The good players and cheaters were generally apparent on the FIBS Ratings
Reports (good players are more likely than normal to appear under
La Creme de la Creme and to some extent Best New Players; cheaters are
more likely than normal to appear under both of those and especially
On The Way Up).

Whether it's worth wasting any attention on cheaters is a different
question :-)

> We had a very stange set of occurances this week surrounding the ranking of
> the bot MonteCarlo, whereby at the start of the week it's ranking had
> dropped to 1722 but as of yesterday had climb back up to a spectacular
> 1975. Now for an inconsistant human that might not be so surprising, but
> surely for an ultra consistant bot it is very strange. Can anyone explain?

I don't think it really needs an explanation, other than a shrug of one's
shoulders and a mention that that sort of behaviour is to be expected from
time to time. All FIBS ratings are subject to sampling error -- that is
unavoidable. My estimate is that the standard error of a rating is around
50 points (somebody could derive a more accurate parameter either
analytically or empirically, if they felt it was worth the effort).
Loosely speaking, that means that if you take a large sample of ratings,
you can expect about 95% of those samples to fall within +/-100 points of
each player's "true" rating (where the true rating is what your observation
would tend to, if you took the mean of n independent samples of a player's
rating as n increased without bound). Bots play about 1000 matches a week,
and I assert that samples taken 1000 matches apart can be considered
stochastically independent for practical purposes. The standard error when
comparing the difference between two independent samples is probably around
70 points: a discrepancy of 250 points between two samples is very unlikely,
to be sure, but not unheard of; when those two samples are self-selected it
isn't quite so strange after all. (If you took samples every week, and
found that this happened significantly more frequently than predicted,
then I would be very surprised and admit that something was probably going
very wrong.)

Of course this result does not rule out a systematic bias affecting MC's
rating (perhaps the software changed during that week; perhaps it played
a large number of matches against underrated or overrated players; astrologers
might claim that two blue moons in three months is interacting with MC's
star sign to give it spectacularly (un)lucky dice :-). But since the
sampling error is large enough to plausibly account for the observation,
we shouldn't jump to conclusions and invoke some external influence as
the only possible justification for what we see.

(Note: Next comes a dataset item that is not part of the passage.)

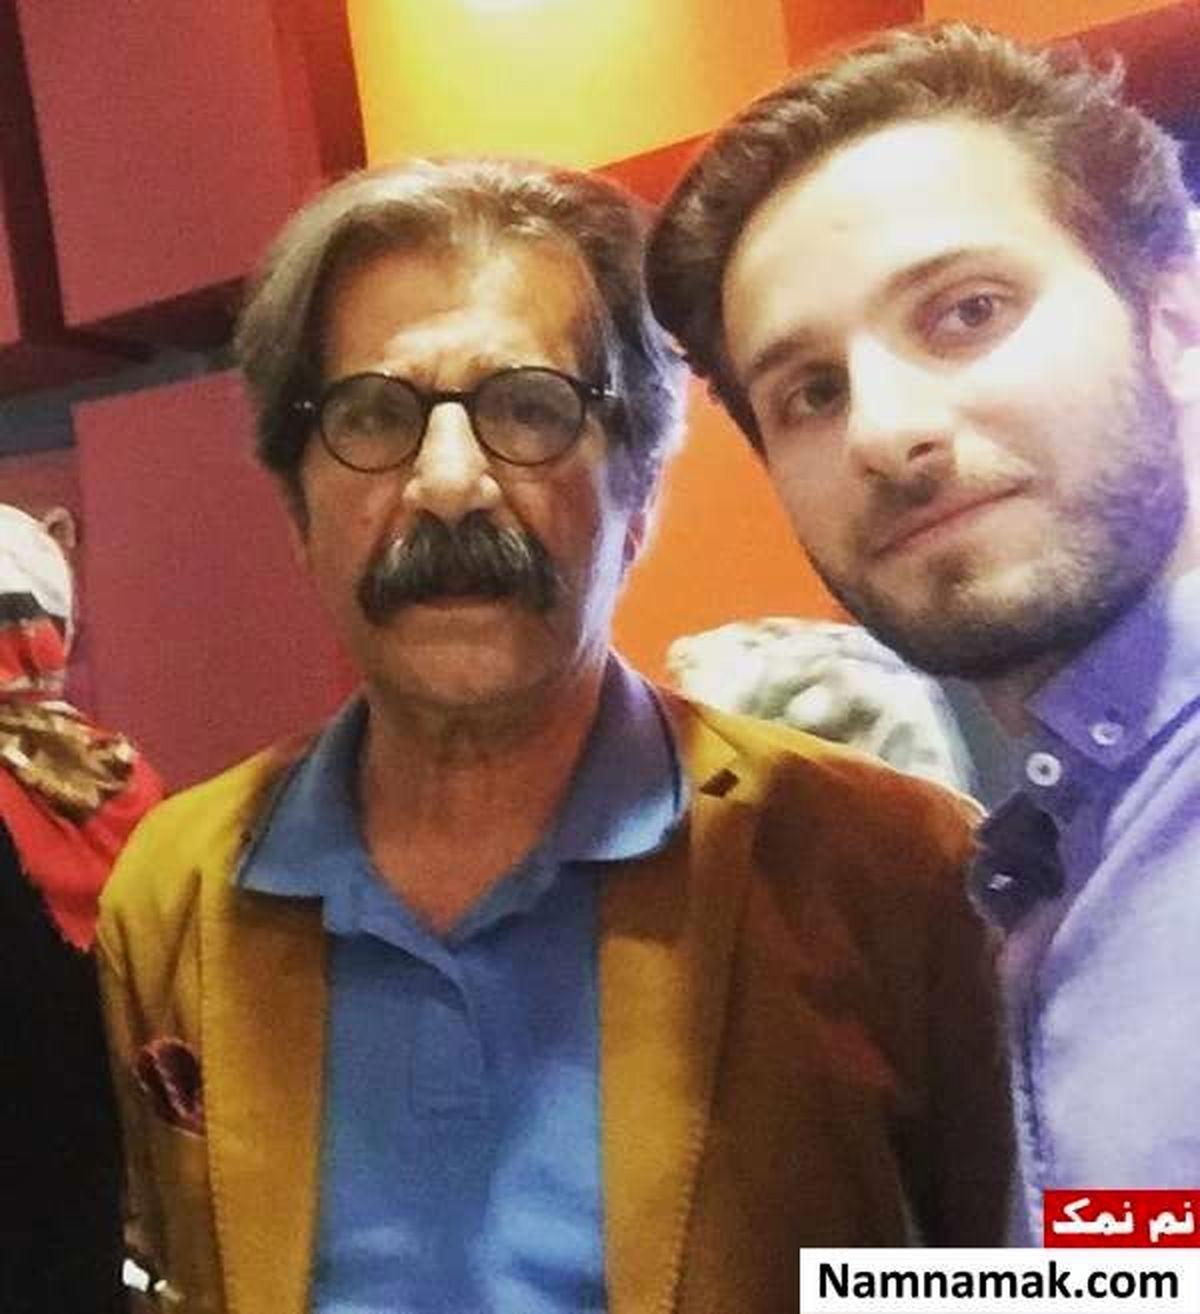 عزت الله مهرآوران در کنار پسرش + عکس

(As a side note: it pays to remember that the standard error is very large
whenever drawing conclusions from rating observations. Now and then I see
posts reading along the lines of "My rating went up 30 points in one night
so I'm obviously improving quickly; but I started playing lower ranked
opponents and it went down by 15 points, so the dice are clearly biased in
favour of the weaker player". Anybody looking at figures like those is
measuring pure noise. There is NO WAY that example observation indicates
anything whatsoever.)

> When I posed the question on FIBS it was recieved with general apathy, only
> one person even hazarding that it might be the run of the dice.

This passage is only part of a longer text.